UPHE opposes the US Forest Service’s “fuels reduction” strategies

“Thinning forests to protect from wildfire smoke makes no more sense than thinning your brain to protect you from Alzheimer’s.” -Dr. Brian Moench, UPHE President

Utah Physicians for a Healthy Environment (UPHE) is an organization of health care professionals concerned about the adverse impacts of environmental degradation on public health. We became concerned about the human health consequences of smoke from intentional, or “prescribed” and “slash pile” burns, when supporters showed us pictures and videos of what state and federal agencies are doing in the Wasatch Mountains. We are not forest ecologists. However, in the era of an accelerating climate crisis and an obvious global wildfire epidemic, how forests are managed has become a major public health issue, and for that reason we were compelled to investigate the issue and to take a position. And as with medical research, we strive to align that position with the best science and the opinions of the most trustworthy experts.
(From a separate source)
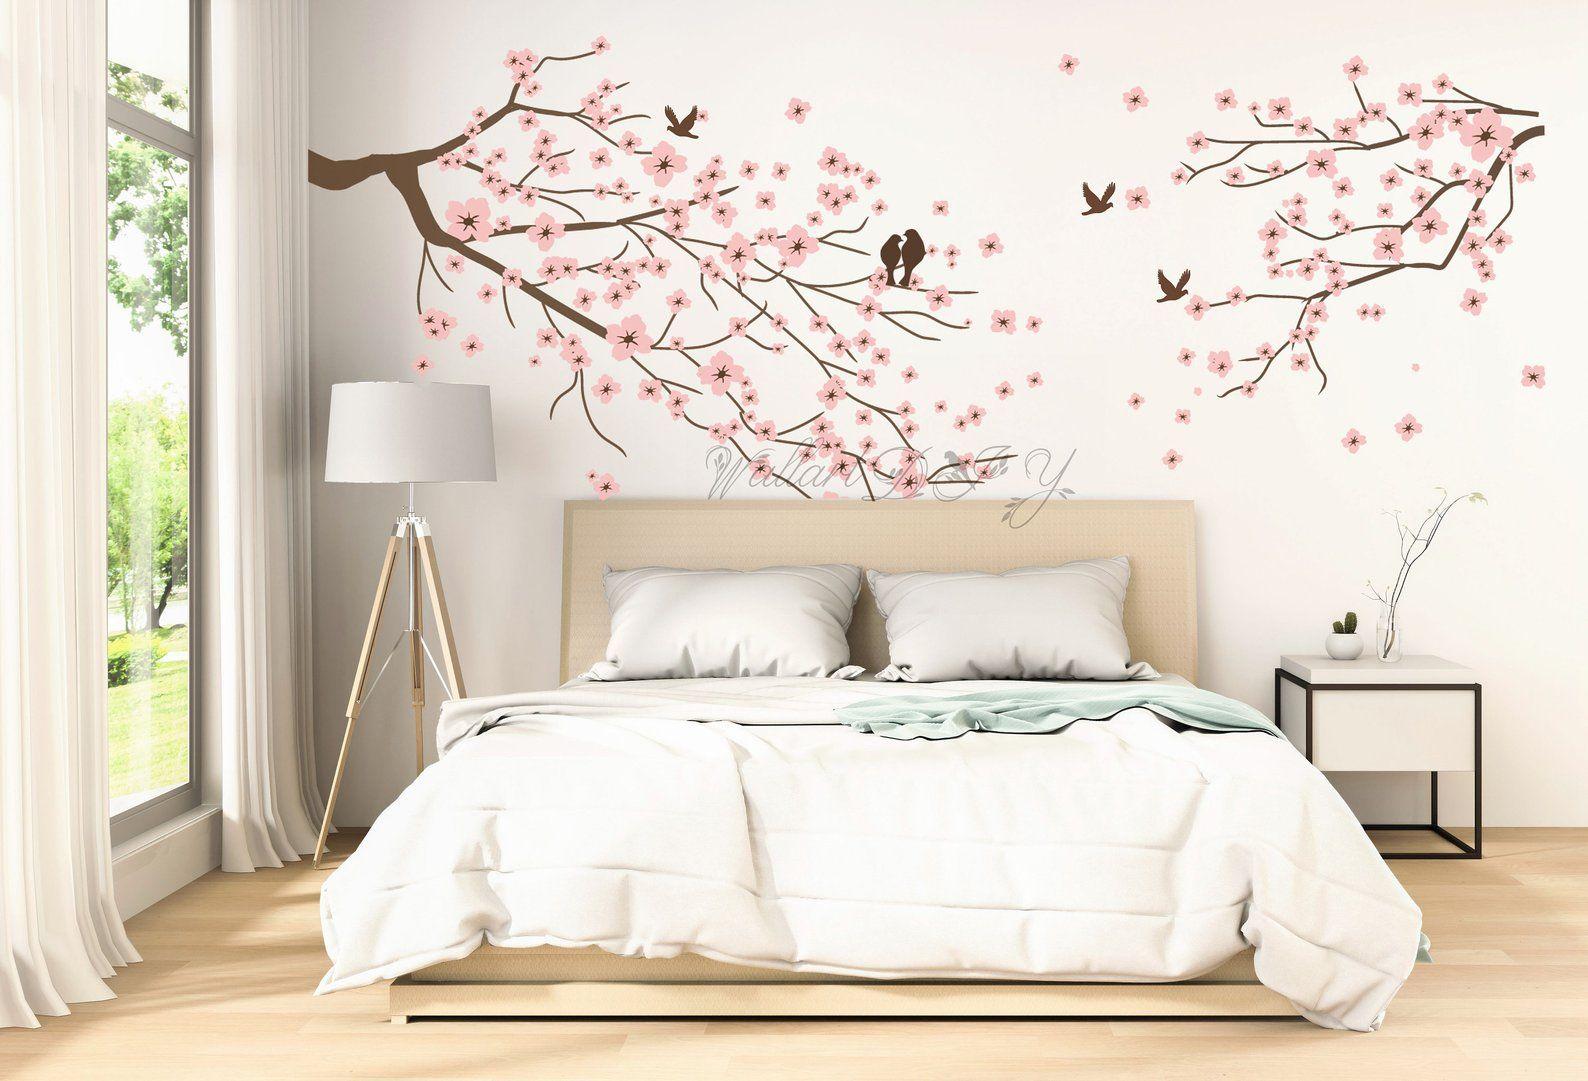 Arredare e decorare con adesivi murali personalizzati

2025 Rebuttals to Forest Service Webinars

The Forest Service has been hosting a webinar series explaining their forest management techniques. Feeling that the webinar series was omitting important information and studies on how their practices could be harming public health, UPHE collaborated on the John Muir Project’s rebuttals.
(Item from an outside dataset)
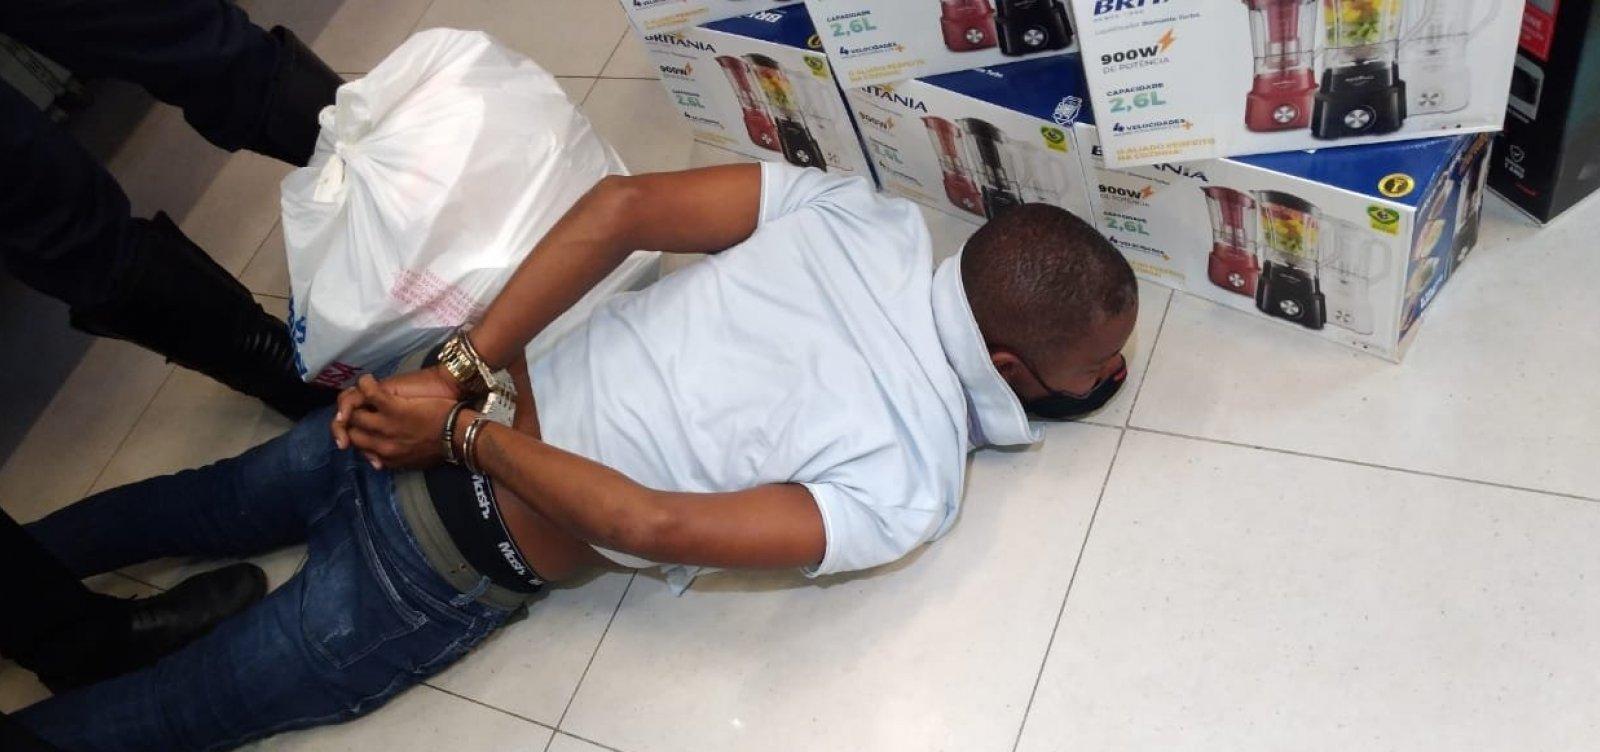 Homem dorme em loja de shopping para furtar celular na madrugada, mas acaba sendo descoberto

Direct public health consequences

Live trees are pollution sponges whether in a forest or urban setting. They sequester particulate pollution, absorb ozone, carbon monoxide, nitrogen oxides, and ultrafine particulate pollution through the same stomata they absorb CO2. When those trees are lost, so is their ability to absorb pollution.

Burning “slash piles” of thinned trees and branches, as the USFS and BLM are doing throughout the West, is an assault on public health. For multiple reasons wood smoke is the most toxic type of air pollution the average person ever inhales, whether it comes from a fireplace, wood stove, a wildfire, or a prescribed burn. VOCs emitted from wood combustion are more reactive than VOCs from industrial emissions.

Although research is somewhat conflicting, compared to flaming combustion, smoldering combustion, i.e. from lower temperature, higher moisture fuel, typical for prescribed burns and slash pile burning, emits more PM2.5 per unit of fuel consumed.

The EPA calculates that, nationwide, almost as much total PM2.5 is generated by prescribed burns as from wildfires. In fact, in the Southeastern US, prescribed burns are responsible for much more PM2.5 than wildfires. We have seen no research to support the assumption that landscape scale prescribed burns reduce the total amount of biomass smoke pollution the public is subjected to. In fact, most research shows the opposite for two reasons. 1. Prescribed burns are largely ineffective in stopping high intensity wildland fires and therefore prescribed burns only add more pollution to the public’s exposure (see above section). 2. In general, lower intensity burns with incomplete combustion, like prescribed burns, are more toxic, including producing more dioxins, than an equal amount of biomass burned at higher intensity.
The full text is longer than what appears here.